Untersuchung zur Chemie der Arterien wand, X. Über die saure Carboxypeptidase in der Aorta des Rindes

Abstract
A carboxypeptidase, which can be demonstrated in bovine arterial wall, was purified 225-fold by ammonium sulfate precipitation and gel filtration. This arterial enzyme differs from the known carboxypeptidase in the following properties: the optimum pH is 4.6, and the optimum temperature is 47[degree] during a 2 hr incubation period. Synthetic substrates of arterial carboxypeptidase are tripeptides and, to a lesser extent, tetrapeptides with a branched, aliphatic (leucine, valine) or aromatic (phenylalanine) amino acid at the C-terminal end; of these, the highest rates of hydrolysis are shown by peptides with C-terminal leucine.

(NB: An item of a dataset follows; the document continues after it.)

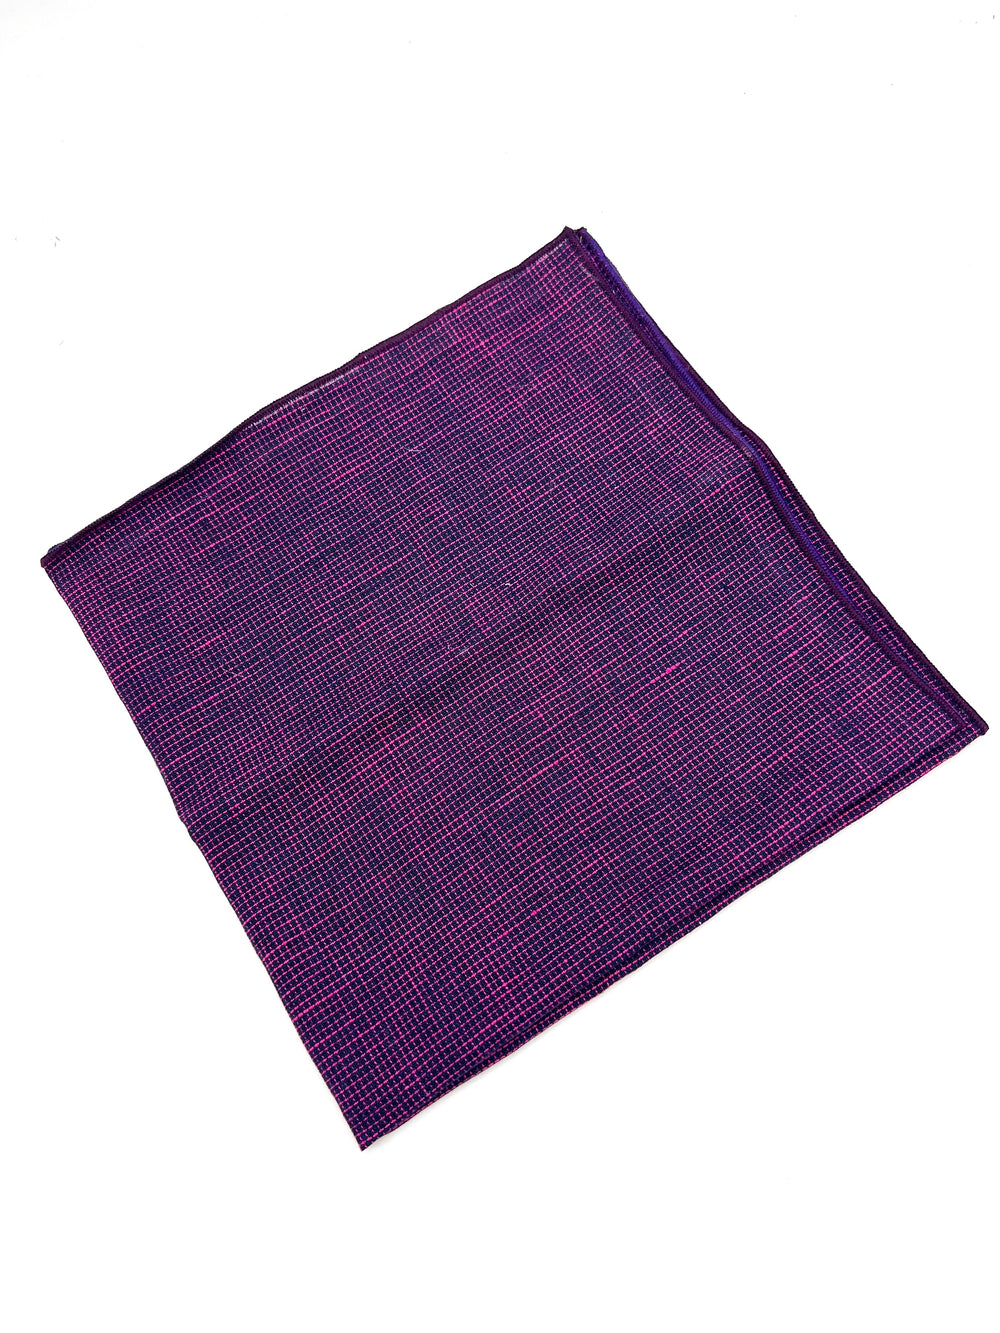 The Casso Plaid Handkerchief

Substrates with pre-terminal leucine are more easily hydrolyzed; pre-terminal histidine prevents hydrolysis, and C-terminal glycine is not removed by by hydrolysis. The Michaelis constants of the tripeptides Ser-Leu-Leu, Leu-Leu-Leu, Leu-Leu-Val and Gly-Gly-Phe are 0.28, 1.06, 2.7 and 1.37 (mM). The enzyme does not attack the synthetic substrates of pancreatic carboxypeptidase A and B, the catheptic carboxypeptidases or ca-thepsins A, B and C. It possesses no esterase activity. The activity of arterial carboxypeptidase is neither altered by the addition of metal ions, nor inhibited by sulfhydryl reagents (p-chloromercuribenzoate, iodoacetate, N-ethyl-maleimide). Arterial carboxypeptidase does not attack bovine serum albumin, the B-chain insulin or chondroitin sulfate-protein but it acts upon their proteolytic cleavage products to give free leucine, valine, phenylalanine and tyrosine. On the basis of the low optimum pH and the relative specificity, the enzyme should be designated: acidic (leucyl-)carboxypeptidase (peptidyl-leucine-hydrolase).